The first instances of class action cases were known as group litigation and were introduced in England in the 13th century. These cases were usually initiated when some action broke village, town, guild or parish rules and affected several people simultaneously. Group cases were the norm because it was so difficult to handle individual cases with the methods of transportation and communication that were available at the time.
In the centuries just prior to the 18th century, group litigation in England slowly came to be replaced by individual litigation. The system had shifted so drastically that by the end of the 1700s, cases involving groups had become difficult to process. Parliament was aware of the situation, and several laws were enacted to deal with the issues that would arise. Due to these laws, group litigation had become virtually nonexistent in England after 1850.
Although group litigation died in England, it survived in the United States due to the efforts of Joseph Story, an associate justice of the U.S. Supreme Court in the early 1800s. However, at the time, Judge Story felt that group litigation had no place in modern society.
In 1833, Equity Rule 48 was passed, which allowed for group litigation, known as representative litigation, to be carried out when an excessive number of similar, individual cases had been filed. Ten years later, the Supreme Court further enhanced class actions by stating that individual plaintiffs did not have to be present in court for these suits to be heard.
Early in the 20th century, Equity Rule 48 came to be replaced by Equity Rule 38, and in 1938, this new rule was transformed into Rule 23 of the Federal Rules of Civil Procedure (FRCP).

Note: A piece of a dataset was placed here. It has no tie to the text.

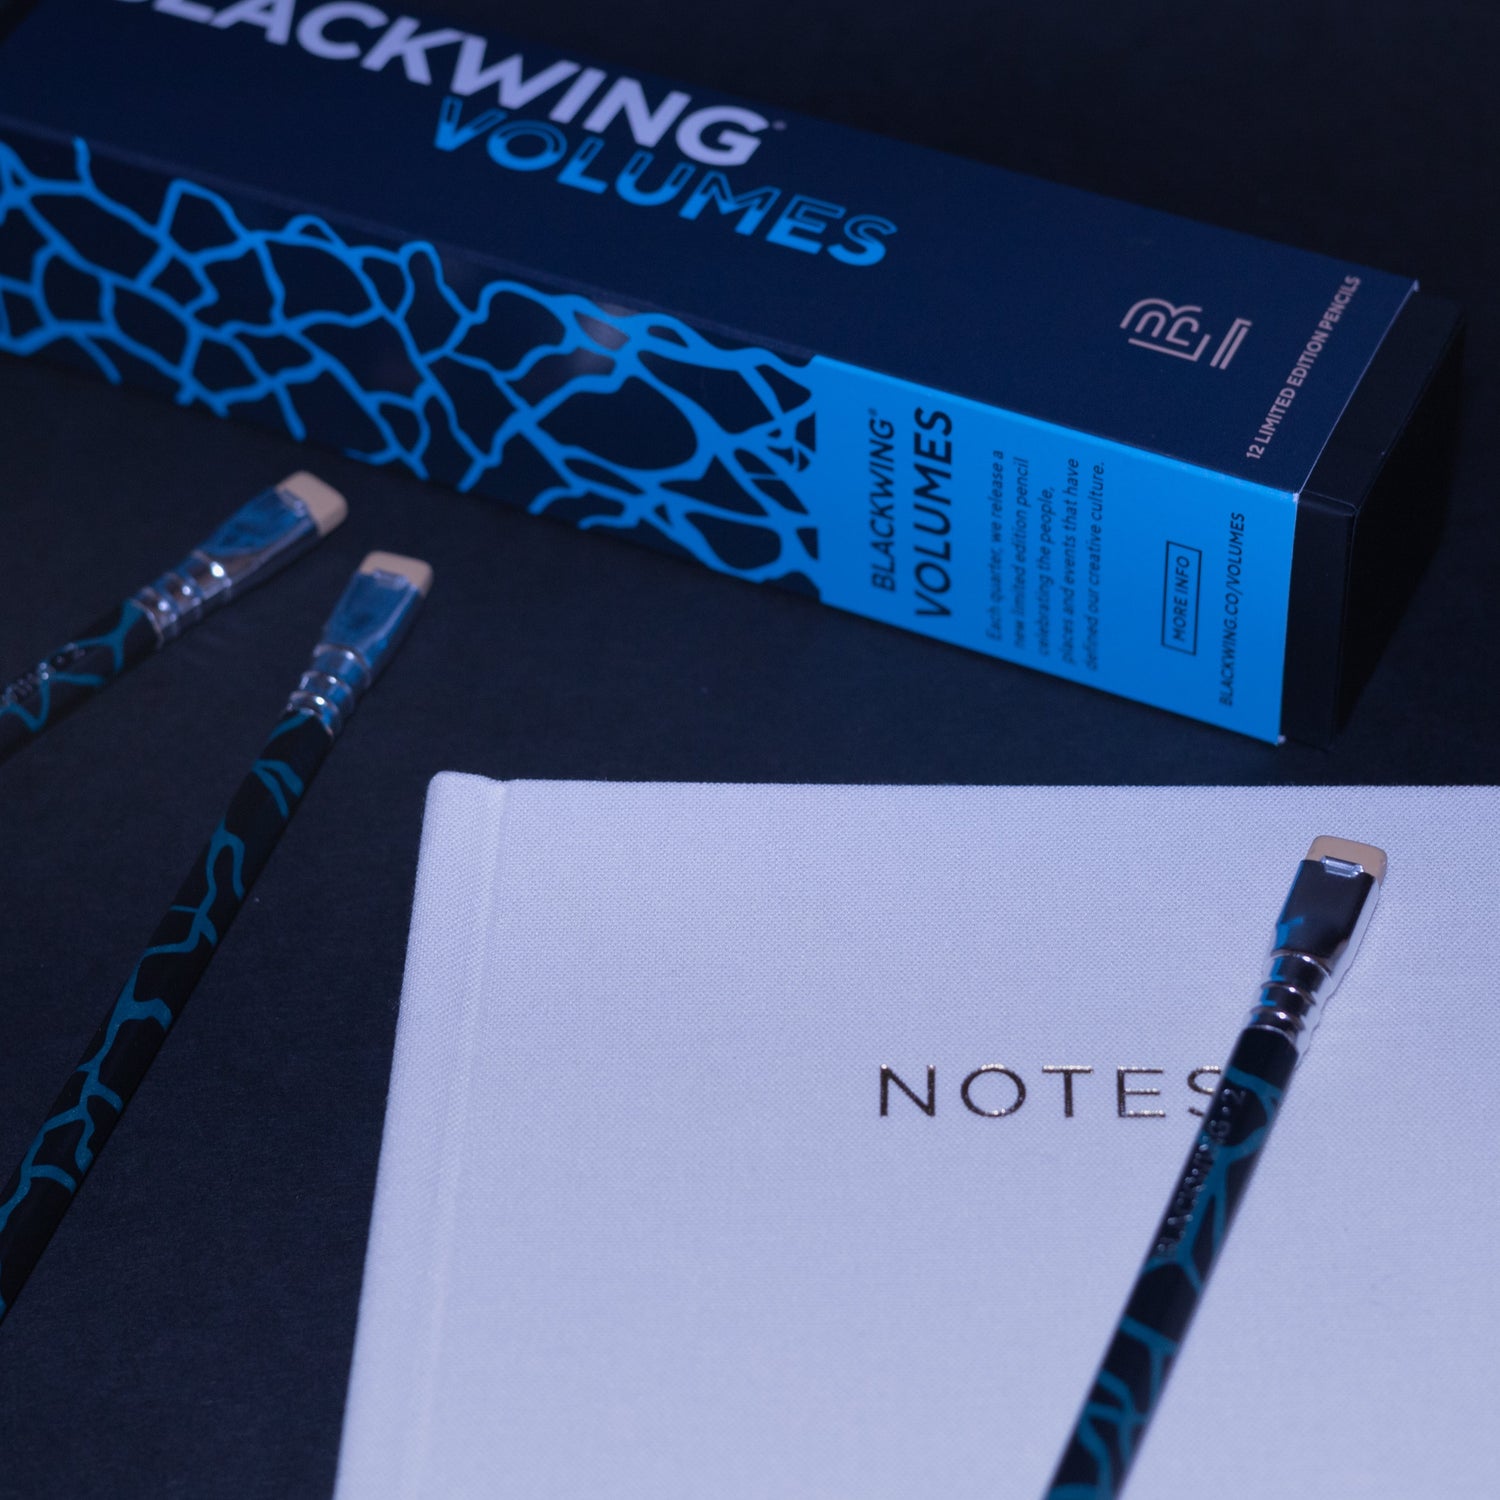 Pencil Blackwing, Blackwing. Black shaft

Rule 23 continues to serve as the basis for class actions today, but it has gone through several overhauls since it was enacted.
In 1966, opt-out class actions became the standard, and this revision of the FRCP is considered the direct predecessor of modern class-action law. This law became increasingly important in the U.S. in the 1960s and 1970s when it was used by leaders of the civil rights movement, environmentalists and consumer advocates.